St. Dominic Savio Catholic High School, Austin, TX 78717, USA.
IEEE Trans Biomed Eng. 2011 Feb;58(2):397-403. doi: 10.1109/TBME.2010.2088122. Epub 2010 Oct 18.
A 3-D application-specific microelectrode array has been developed for physiological studies in guinea pig cochlear nucleus (CN). The batch-fabricated silicon probes contain integrated parylene cables and use a boron etch-stop to define 15μm-thick shanks and limit tissue displacement. Targeting the ventral (three probes) and dorsal (two probes) subnuclei, the custom four-shank 32-site probes are combined in a slotted block platform having a 1.18-mm (2) footprint. The device has permitted, for the first time, high-density 3-D in vivo studies of ventral CN to dorsal CN connections, stimulating with 1000 μm (2) sites in one subnucleus while recording with 177 μm (2) sites in the other. Through these experiments, it has demonstrated the efficacy of bimodal silicon arrays to better understand the central nervous system at the circuit level. The 160 electrode sites also provide a high-density neural interface, which is an essential aspect of auditory prosthesis prototypes.

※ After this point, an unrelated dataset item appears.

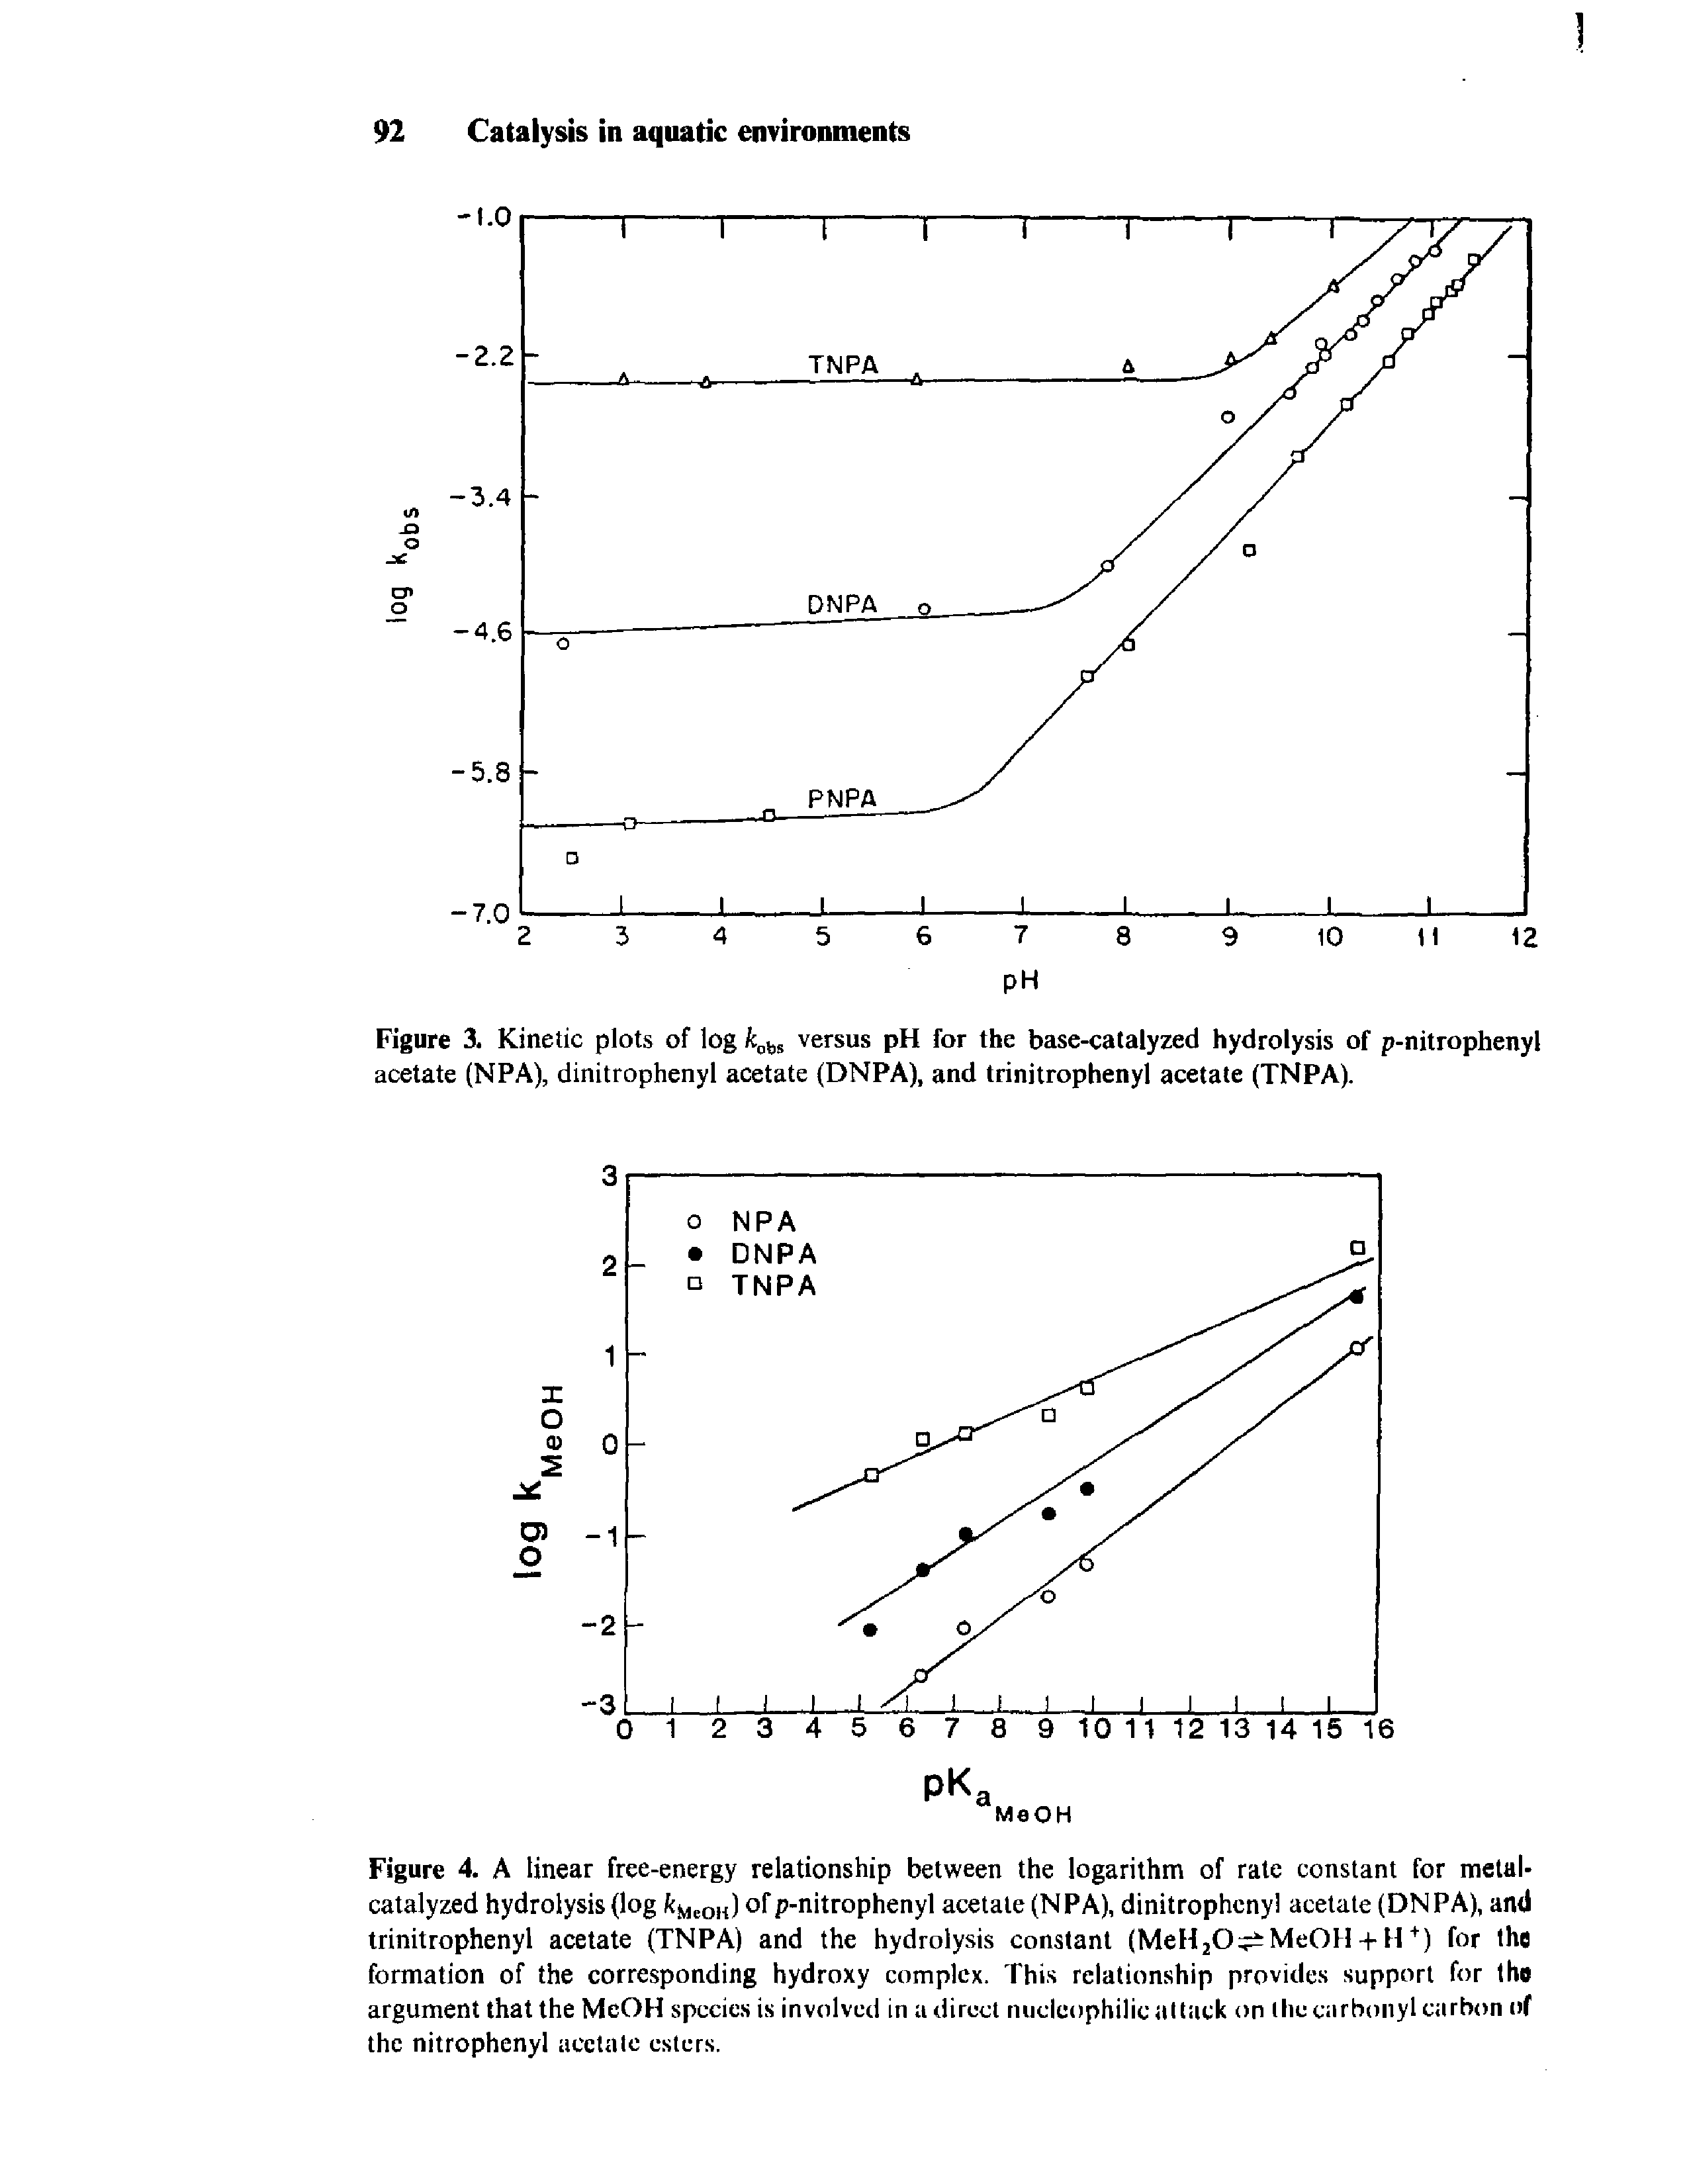 Figure 3. Kinetic plots of log kohs versus pH for the base-catalyzed hydrolysis of p-nitrophenyl acetate (NPA), dinitrophenyl acetate (DNPA), and trinitrophenyl acetate (TNPA).

已经开发出一种用于豚鼠耳蜗核(CN)生理研究的特定于 3-D 的微电极阵列。批量制造的硅探针包含集成的聚对二甲苯电缆,并使用硼蚀刻停止来定义 15μm 厚的柄部并限制组织位移。针对腹侧(三个探针)和背侧(两个探针)亚核,定制的四柄 32 位探针组合在具有 1.18-mm(2)足迹的开槽块平台上。该设备首次允许对腹侧 CN 到背侧 CN 连接进行高密度 3-D 体内研究,在一个亚核中用 1000μm(2)位点刺激,而在另一个亚核中用 177μm(2)位点记录。通过这些实验,证明了双模态硅阵列在以电路水平更好地理解中枢神经系统方面的有效性。160 个电极位点还提供了高密度的神经接口,这是听觉假体原型的一个重要方面。